Had there been any doubt in my mind about the most important issues facing the world, it would have been dispelled yesterday morning by what I heard on CBC Radio. The Current is more than just a saucy, growling intro from The Voice, and before 9 am I had heard from two of the greatest voices of advocacy and awareness that Canada, that anyplace, has ever had: David Suzuki and Stephen Lewis. When these two get together, what do they talk about?

(Allow me to pause and hereby notify the Nobel people. For all his eloquent education and pleading and all that he has given to those suffering through the Great Pandemic in Africa, the former U.N. Special Envoy for AIDS in Africa has my nomination for the next Nobel Peace Prize. Mr. Lewis should be the second Canadian¹ to join a club that includes Mandela, Teresa, King, Schweitzer and Matthai. The Peace Prize has been awarded since 1901, and will be until, well, until we have world peace, I suppose, but even then there will be milestones and heroes who bring ingenuity, progress and life to the world once war has been politically restrained or banished.)
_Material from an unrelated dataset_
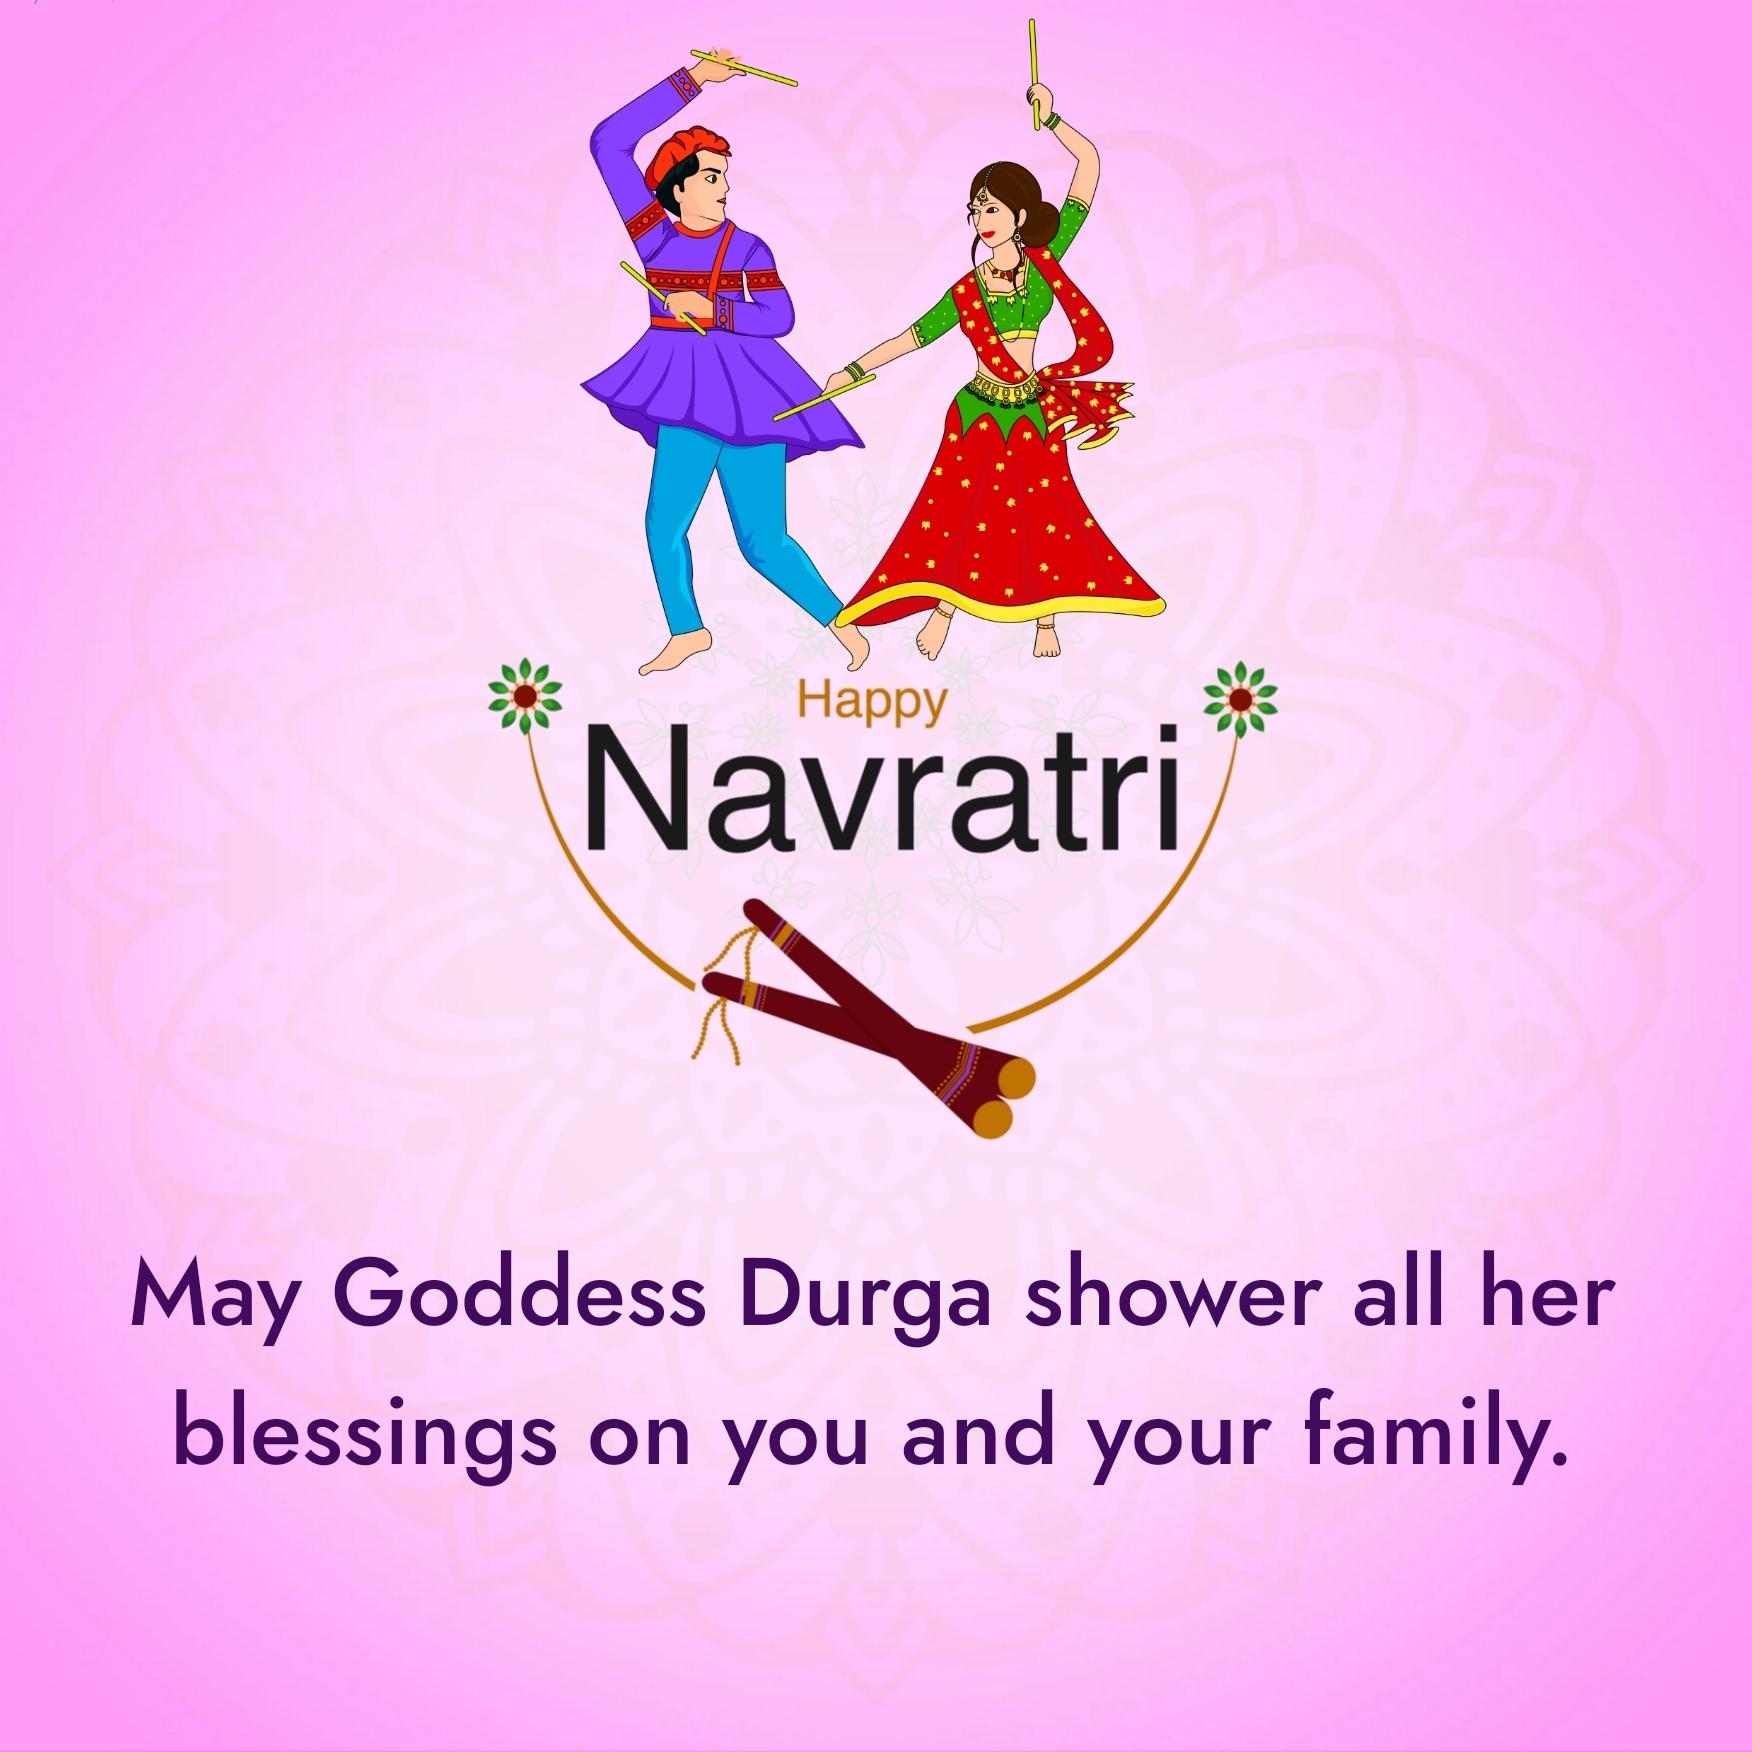 May Goddess Durga shower all her blessings on you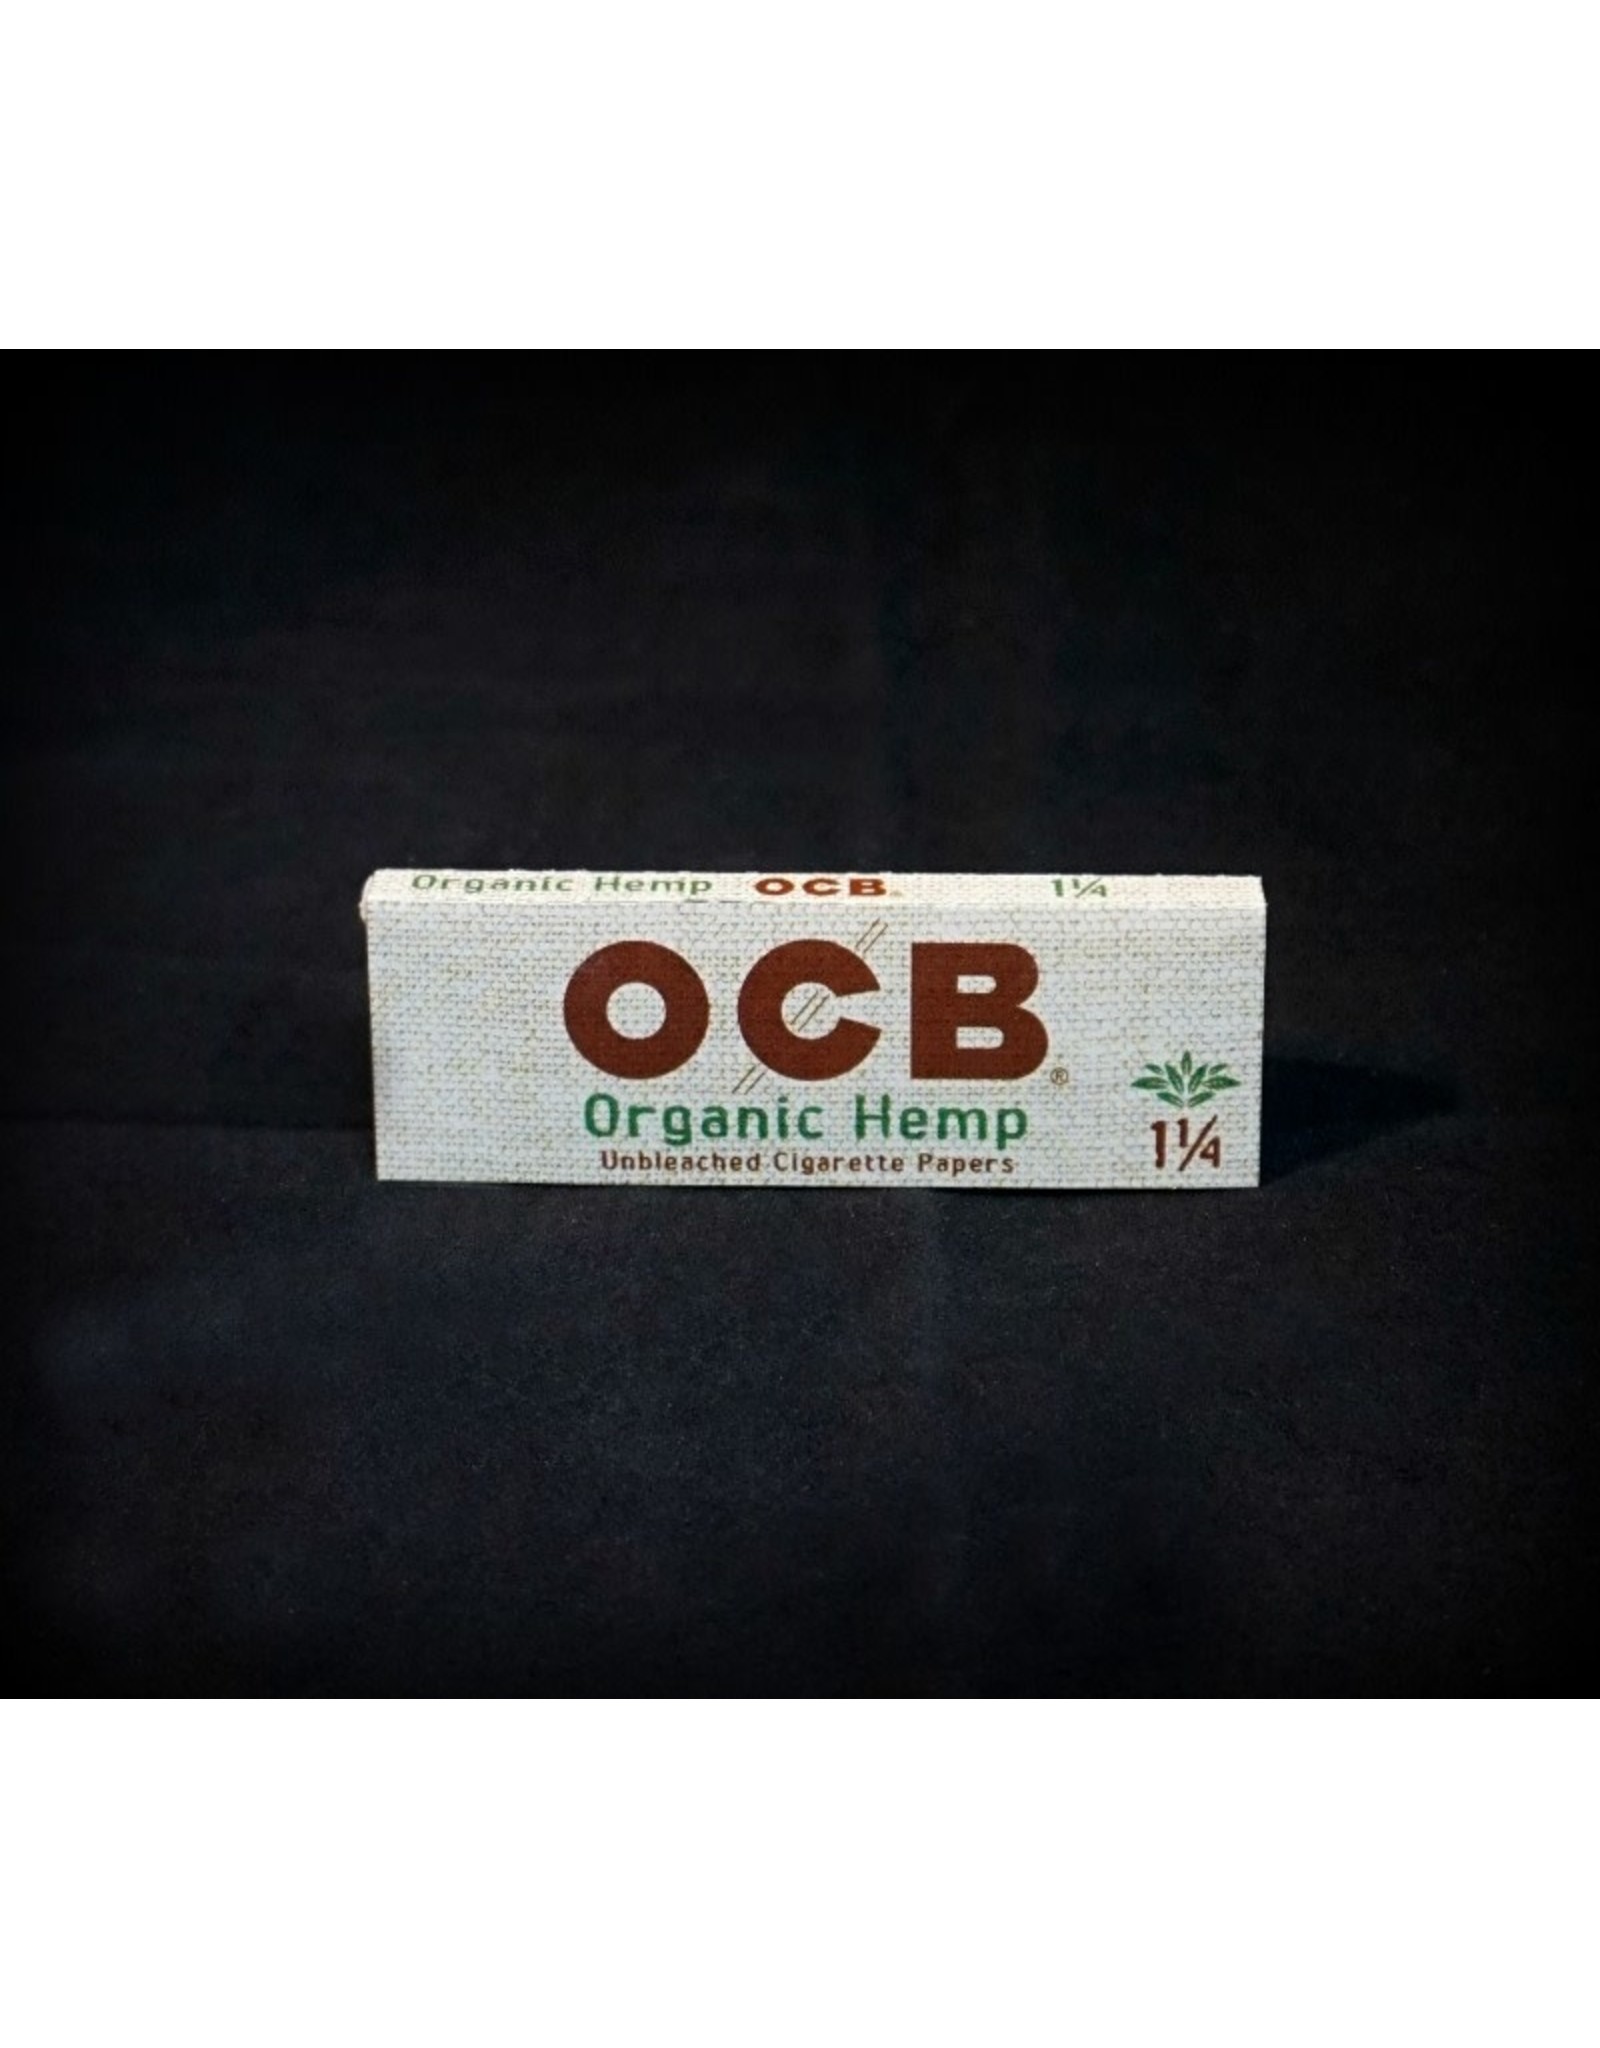 OCB OCB Organic Hemp Papers 1.25

These particular warriors of peace didn’t have long on the air, but as it so often is these days – and this is a good thing – climate change was the subject. David Suzuki, of course, was far ahead of the public curve on climate change, and has been a passionate defender of the environment for decades. His current campaign has him flying around the country (and, be assured, buying carbon offsets for all that plane travel) asking Canadians what they’d do if they were Prime Minister. Something I hadn’t known was that the first climate conference in 1988 – instigated by the Mulroney government and gathering scientists and leaders from around the world – was chaired by Stephen Lewis. This was several years before the famous Kyoto meeting and the Protocol that resulted from it, and Suzuki and Lewis were blunt and indignant: If we had done what we said we were going to do then, we wouldn’t be in the bloody mess we are today!

It was a superb (if too-brief) conversation with two mighty men, and a trip to The Current‘s website might allow you to play the interview. (It didn’t work for me.) One thing startled me, though: after all the wrenching speeches, tears (his and his audiences’), anguish and exhausting commitment he gave to the cause of African AIDS (and the resultant societal breakdown), I heard Lewis refer to climate change as the single biggest threat the world faces. (Especially to the already-ravaged African continent, not to mention all the low-lying islands and seashores that could be submerged by rising sea levels. Bangladesh.) Imagine the humility and detachment implicit in choosing this environmental threat over the ferocious pandemic he has been fighting from up-close, tongue and tooth and claw…

And there’s more: as big as these two issues are in their human toll – and you may be as worried about war, terrorism, bird flu, poverty, human rights, ethnic struggles – they are still symptoms of one fundamental problem facing the human race. It was elaborated in the 19th century by Bahá’u’lláh: “The well-being of mankind, its peace and security, are unattainable unless and until its unity is firmly established.” I’ve been thinking about this astounding statement for many years, and I am all the more convinced that this is the heart of the matter. The argument is simple but the implications are gigantic: DISUNITY is the underlying disease of humanity, and beneath all the greatest global problems lies our difficulty in recognizing the essential oneness of the human race.

It’s an awfully big idea to get my head around on a Tuesday afternoon, but I offer it for your consideration all the same.


¹ Buy yourself a milkshake if you knew that Lester B. Pearson, before he was our Prime Minister, won the Nobel for his peacemaking efforts in the Suez Crisis.